Member of Parliament for Souris—Moose Mountain
- In office June 28, 2004 – October 19, 2015
- Preceded by: Roy H. Bailey
- Succeeded by: Robert Kitchen

Chair of the Standing Committee on Human Resources
- In office June 21, 2011 – October 23, 2013
- Minister: Jason Kenney
- Preceded by: Candice Bergen
- Succeeded by: Phil McColeman

Personal details
- Born: November 18, 1949 (age 76) Cudworth, Saskatchewan, Canada
- Party: Conservative
- Spouse: Sally Komarnicki
- Profession: lawyer

= Ed Komarnicki =

Canadian politician and lawyer

Edward "Ed" Komarnicki (born November 18, 1949) is a Canadian politician and lawyer.

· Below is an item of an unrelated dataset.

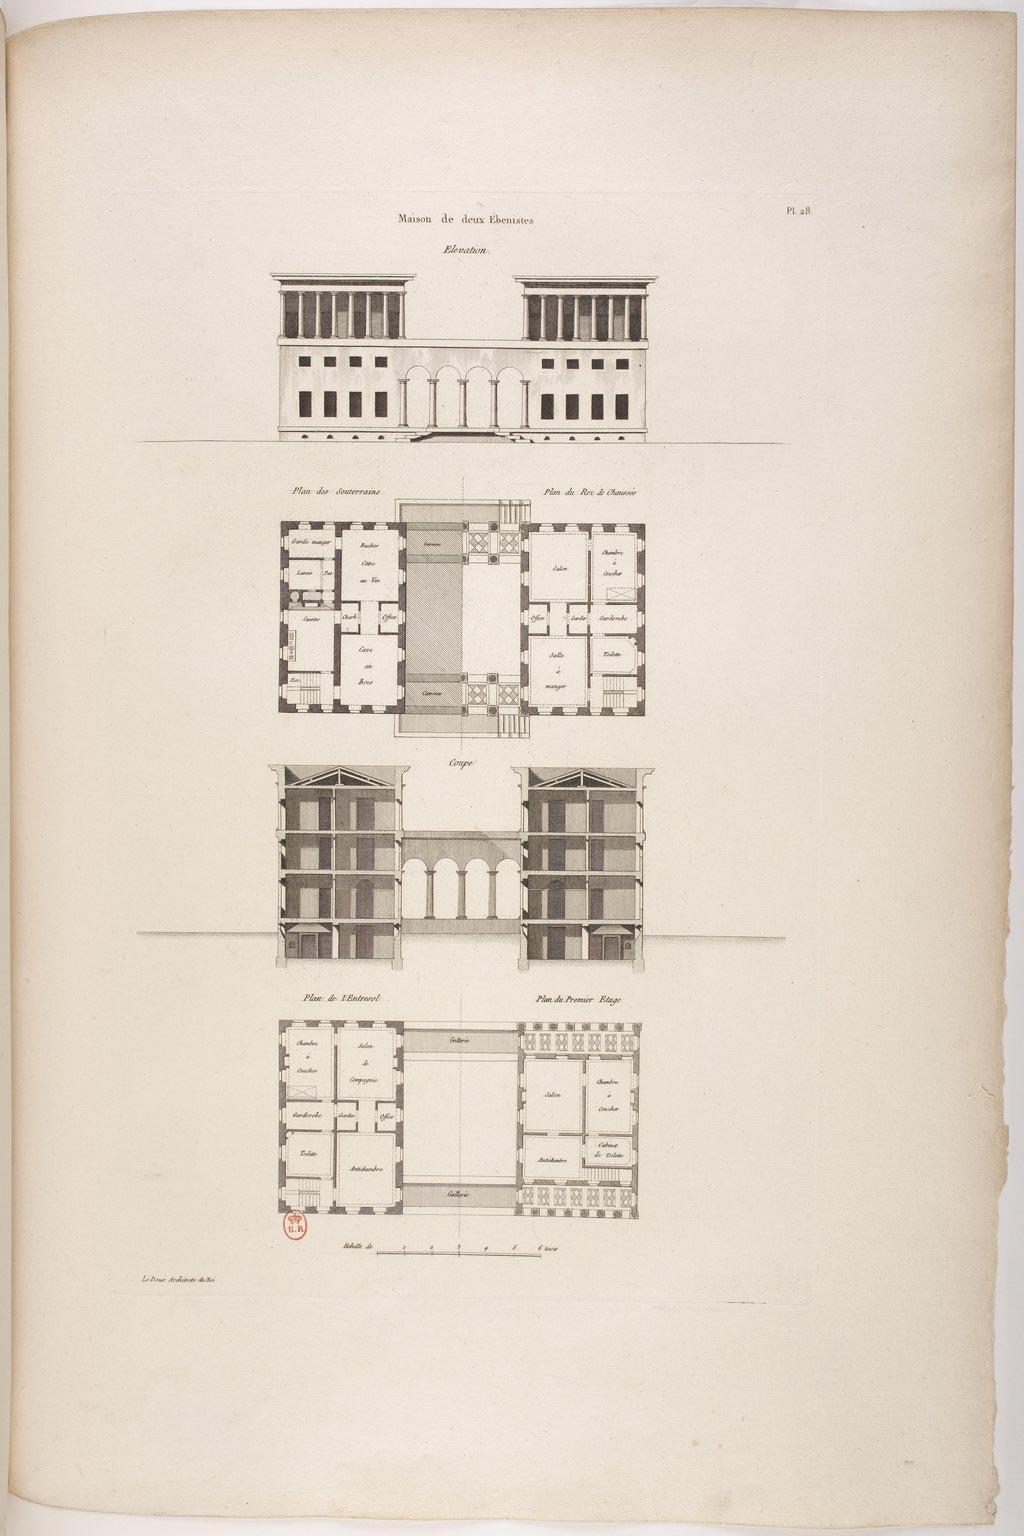 ledoux-claude-architecture-307

Born in Cudworth, Saskatchewan, Komarnicki was elected into the House of Commons of Canada in the 2004 Canadian federal election as the Conservative Party of Canada candidate in the riding of Souris—Moose Mountain. He was elected by nearly 3,000 votes over former premier Grant Devine who was running as an independent. Komarnicki was re-elected in each subsequent election, in 2006, 2008 and 2011, each time with a larger percentage of votes.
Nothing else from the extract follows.